[Records from a data collection]
╭──
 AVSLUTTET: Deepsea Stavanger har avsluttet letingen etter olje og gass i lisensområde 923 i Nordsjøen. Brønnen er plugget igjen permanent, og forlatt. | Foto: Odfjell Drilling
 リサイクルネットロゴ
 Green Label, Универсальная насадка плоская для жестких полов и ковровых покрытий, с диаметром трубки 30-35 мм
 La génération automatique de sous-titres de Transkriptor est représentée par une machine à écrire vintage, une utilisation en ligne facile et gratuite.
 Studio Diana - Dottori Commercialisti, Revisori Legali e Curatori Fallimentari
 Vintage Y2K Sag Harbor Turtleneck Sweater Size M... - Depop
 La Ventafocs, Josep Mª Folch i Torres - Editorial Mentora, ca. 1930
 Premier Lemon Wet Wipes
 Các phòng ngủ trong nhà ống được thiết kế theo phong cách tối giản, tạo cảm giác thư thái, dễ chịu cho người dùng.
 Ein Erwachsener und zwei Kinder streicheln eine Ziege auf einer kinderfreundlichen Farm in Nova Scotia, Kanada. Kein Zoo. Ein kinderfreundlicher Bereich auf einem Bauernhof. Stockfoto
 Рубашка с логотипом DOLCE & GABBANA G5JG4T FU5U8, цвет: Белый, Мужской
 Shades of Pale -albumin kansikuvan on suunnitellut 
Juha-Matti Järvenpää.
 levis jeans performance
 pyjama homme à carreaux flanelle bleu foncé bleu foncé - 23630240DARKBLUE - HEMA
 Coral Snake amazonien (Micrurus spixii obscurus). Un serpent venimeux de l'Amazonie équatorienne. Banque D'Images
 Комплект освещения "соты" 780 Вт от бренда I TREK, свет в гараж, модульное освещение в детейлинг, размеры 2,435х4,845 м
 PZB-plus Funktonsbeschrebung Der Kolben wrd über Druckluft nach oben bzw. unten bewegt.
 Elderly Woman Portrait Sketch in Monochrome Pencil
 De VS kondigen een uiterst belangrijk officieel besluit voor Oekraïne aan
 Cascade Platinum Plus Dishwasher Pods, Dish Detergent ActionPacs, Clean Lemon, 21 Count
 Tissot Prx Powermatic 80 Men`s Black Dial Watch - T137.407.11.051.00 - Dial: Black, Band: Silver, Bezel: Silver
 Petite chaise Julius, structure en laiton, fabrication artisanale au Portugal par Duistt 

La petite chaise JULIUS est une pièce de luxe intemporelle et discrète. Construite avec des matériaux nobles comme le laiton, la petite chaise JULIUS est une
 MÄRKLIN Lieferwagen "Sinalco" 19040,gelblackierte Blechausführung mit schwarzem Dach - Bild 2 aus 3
╰──
Where a line above contains the string "laiton", copy that line.

# [Task output]
 Petite chaise Julius, structure en laiton, fabrication artisanale au Portugal par Duistt 
La petite chaise JULIUS est une pièce de luxe intemporelle et discrète. Construite avec des matériaux nobles comme le laiton, la petite chaise JULIUS est une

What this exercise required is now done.